Brazilian petroleum company Petróleo Brasileiro (Petrobras) is planning to produce renewable diesel that complies with the country’s new fuel regulations at its REPAR refinery, Oil&Gas Journal reported on 24 June.
Set by Brazil’s Agência Nacional do Petróleo e Biocobustível (ANP), the new fuel specifications are due to take effect in August.
They require regular fuel, whether produced locally or imported, to have a minimum specific mass of 715kg/m³ and a minimum octane rating of 92 research octane number (RON), Petrobas was quoted as saying.
“Petrobras is already ready to produce this new gasoline. The new specification is welcome and will bring the quality of the fuel sold in Brazil closer to that of the American and European market,” Petrobras’ director of refining and natural gas Anelise Lara was quoted as saying in Associação Brasileira de Engenharia Automotiva’s (AEA) Youtube broadcast ‘Sustainable Mobility and the Future of Fuel on 23 June.

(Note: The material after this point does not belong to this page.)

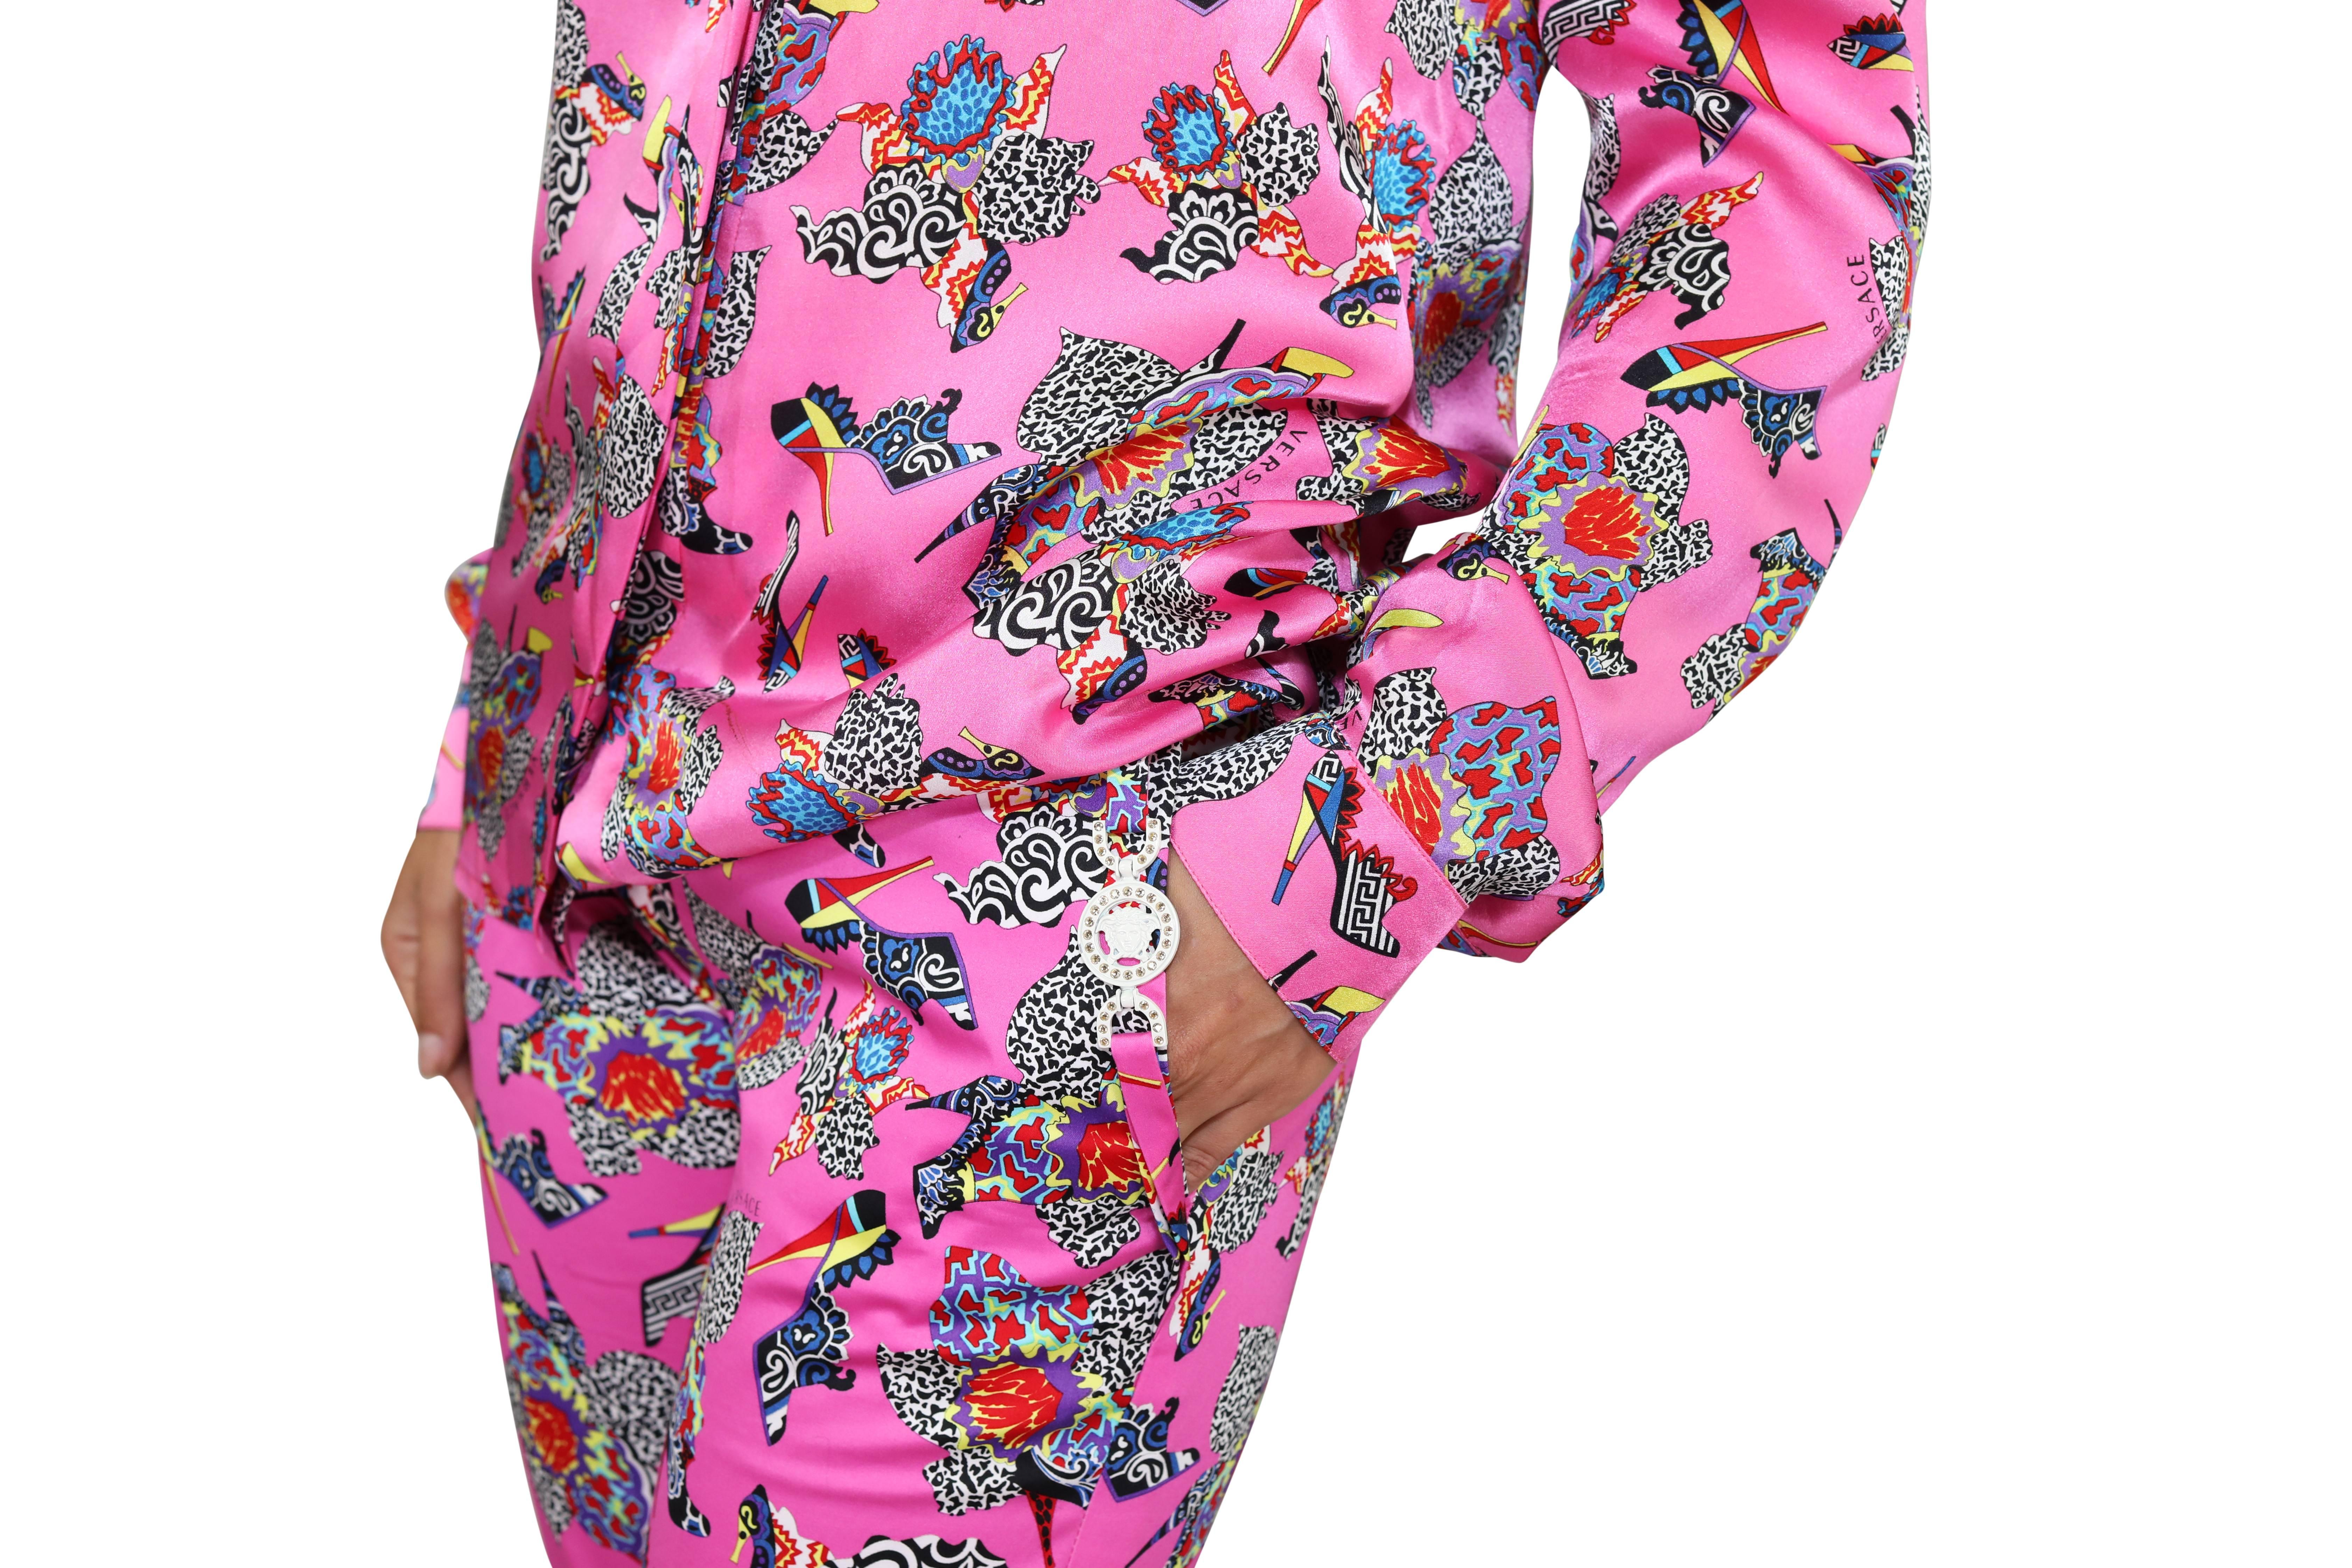 Pink Resort 2013 Look # 8 NEW VERSACE ICONIC PRINT SILK and COTTON PANT SUIT 38 - 2 For Sale

Petrobras would begin production tests for renewable diesel, Lara added, at its 208,000 barrels/day Presidente Getúlio Vargas (REPAR) refinery in Araucária, Paraná.
“The economic viability of renewable diesel depends on its recognition in compliance with the rule of adding biofuels to diesel, a subject that is currently under discussion at the ANP. This will allow an increase in the competitiveness of biofuels for the diesel cycle,” Lara was quoted by Oil&Gas Journal as saying.
Renewable diesel could be produced in dedicated plants or via co-processing of renewable material (vegetable oil, animal fats) with mineral diesel in units inside oil refineries using the company’s H-Bio process, the company said.
The H-Bio process, which involved mixing vegetable oil and petroleum distillate in a hydrotreating unit, resulted in a more stable renewable diesel than the simpler process of transesterification, according to the operator.